SOURCE DATA:
########################################
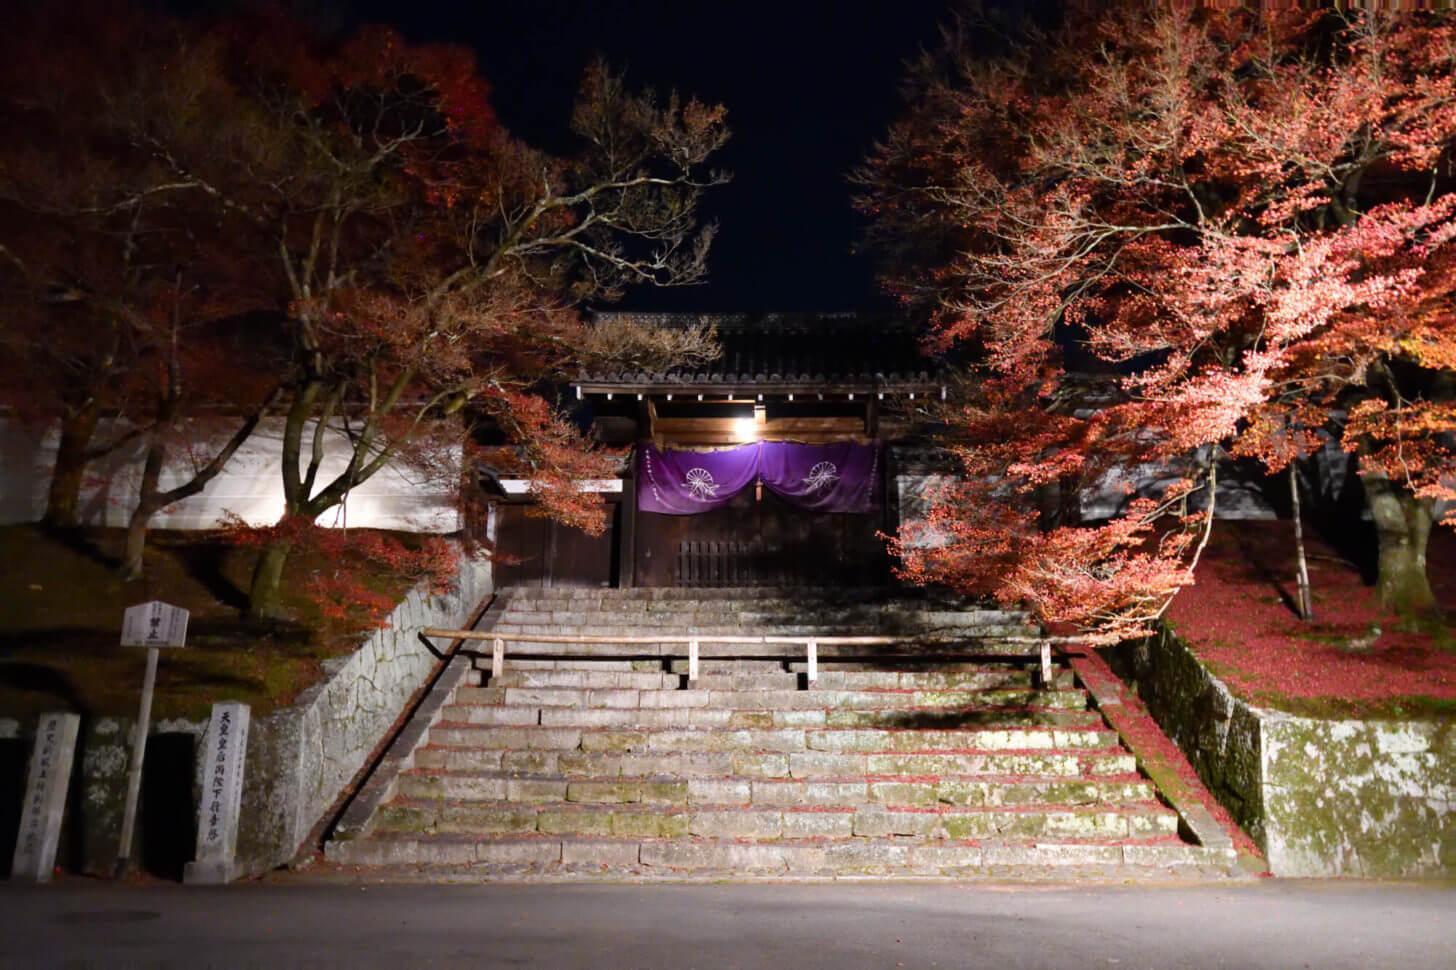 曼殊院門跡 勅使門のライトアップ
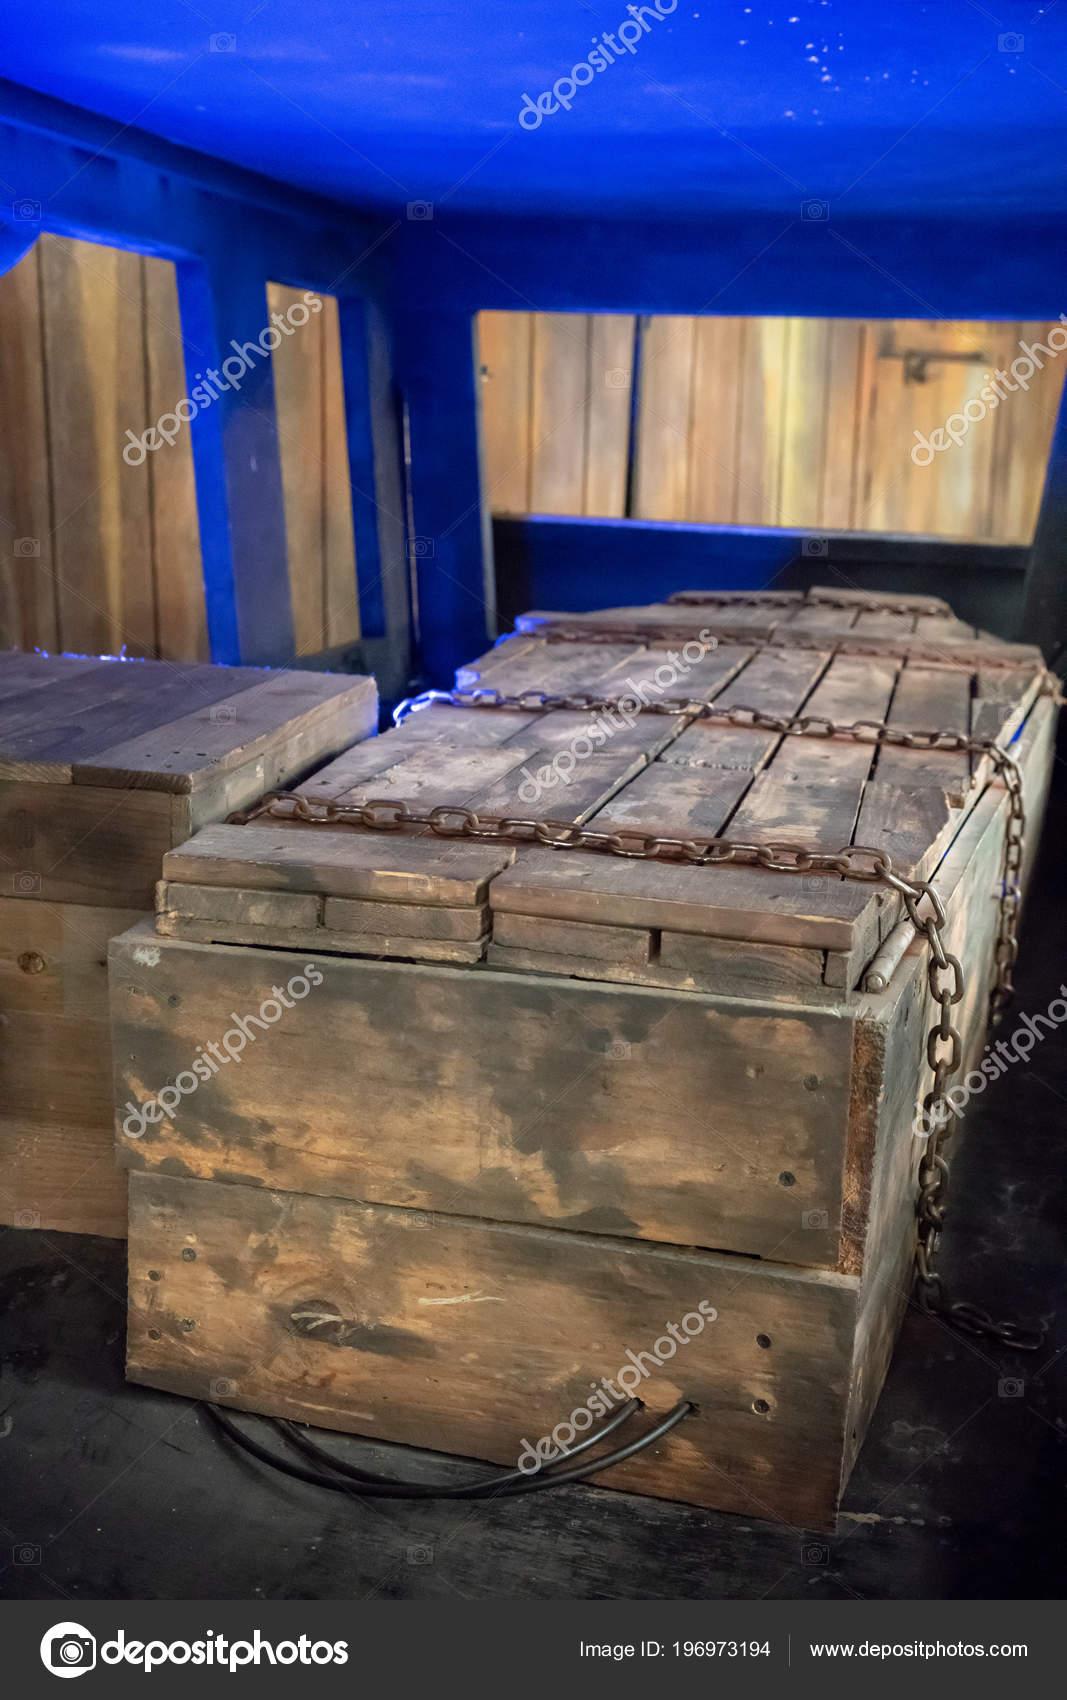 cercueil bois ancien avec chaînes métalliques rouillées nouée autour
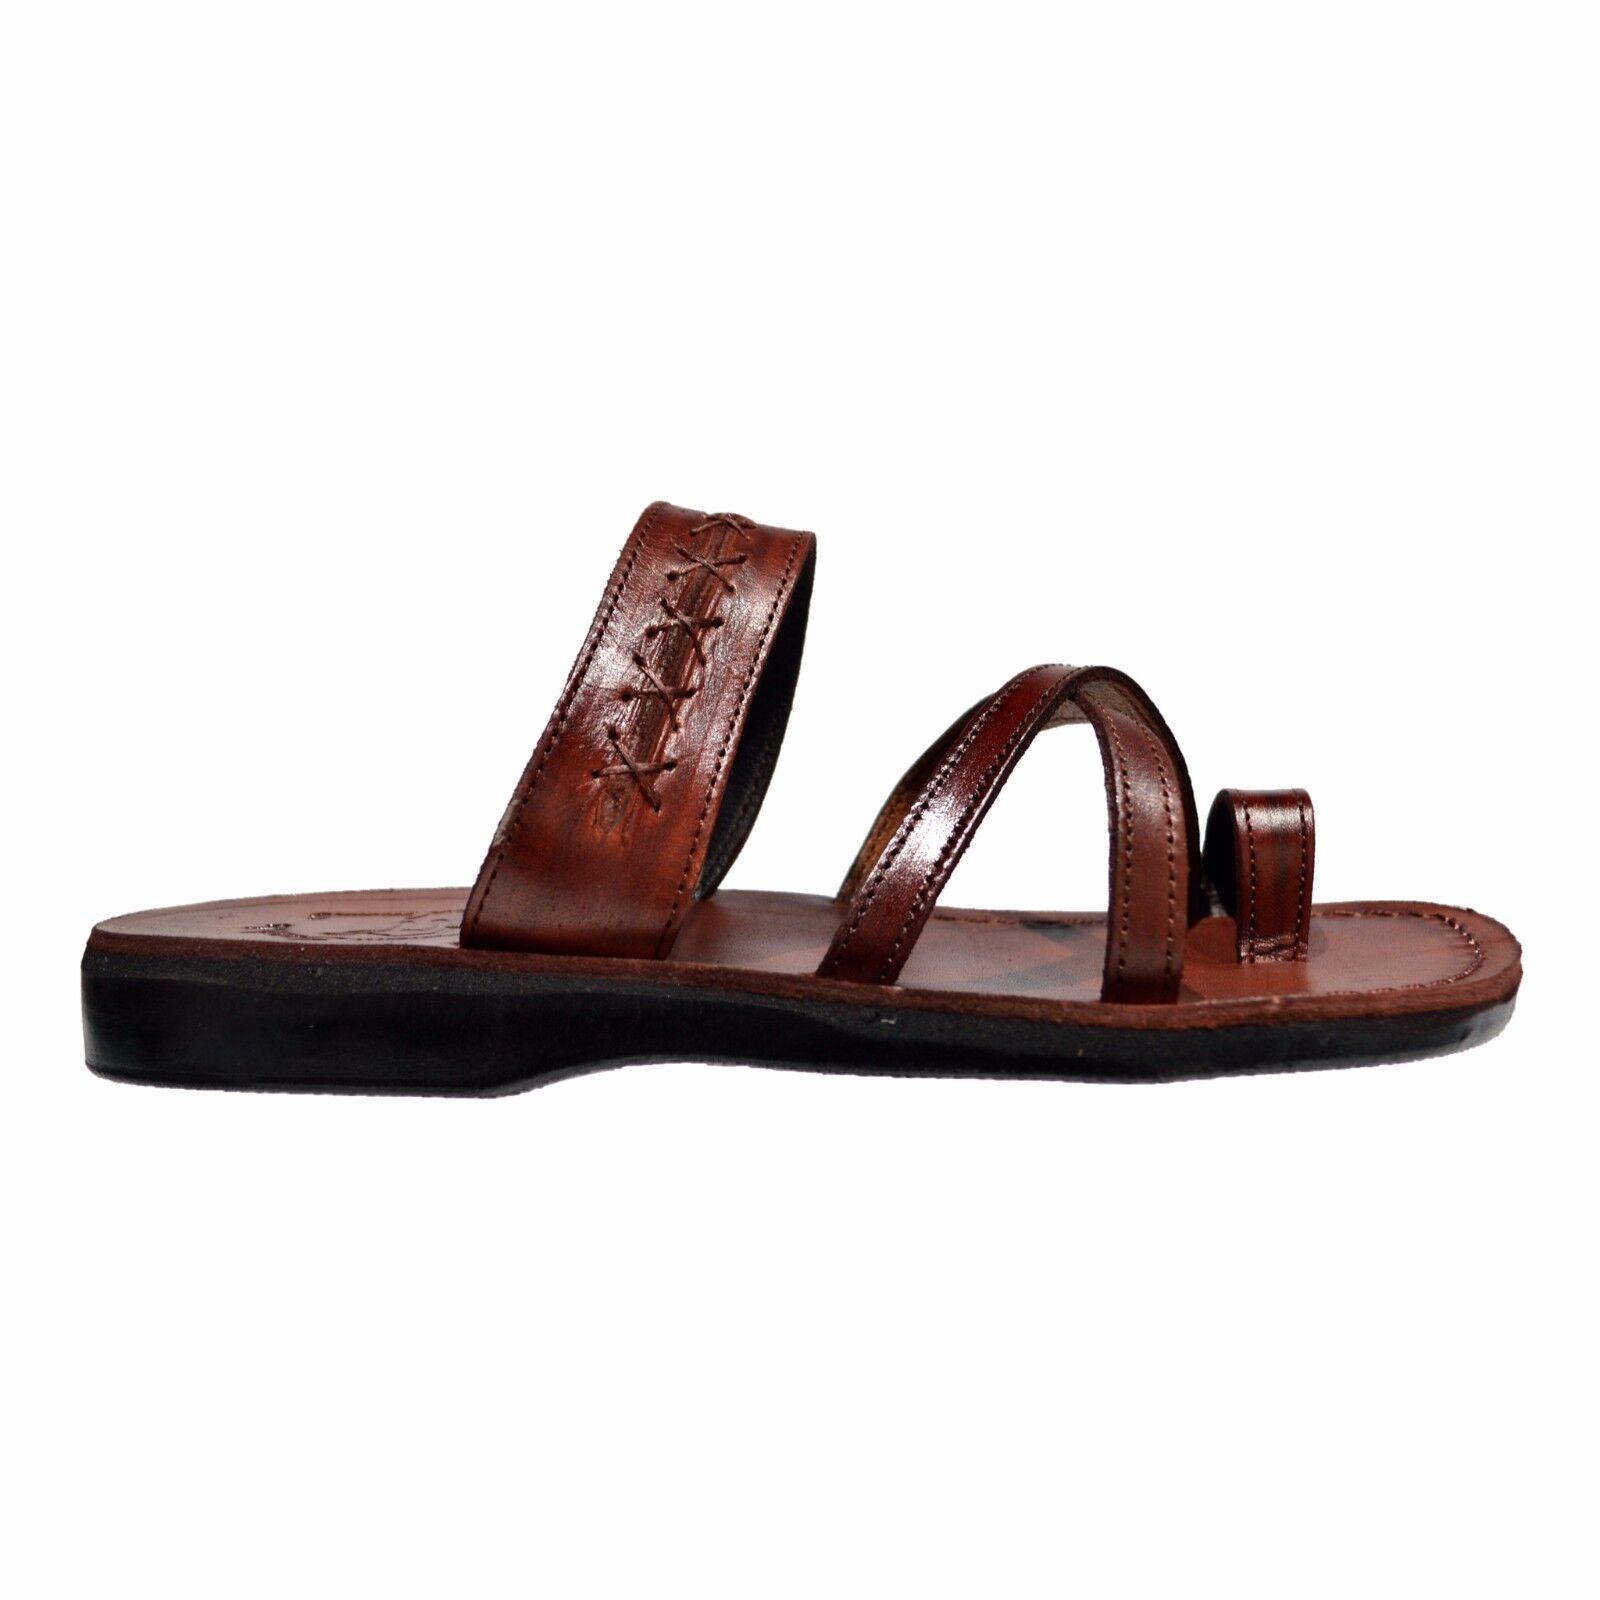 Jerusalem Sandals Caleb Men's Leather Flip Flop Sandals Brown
########################################
EXERCISE AIM: Leave the pictures out and set down the rest of the listing above exactly.

EXERCISE ANSWER:
 曼殊院門跡 勅使門のライトアップ
 cercueil bois ancien avec chaînes métalliques rouillées nouée autour
 Jerusalem Sandals Caleb Men's Leather Flip Flop Sandals Brown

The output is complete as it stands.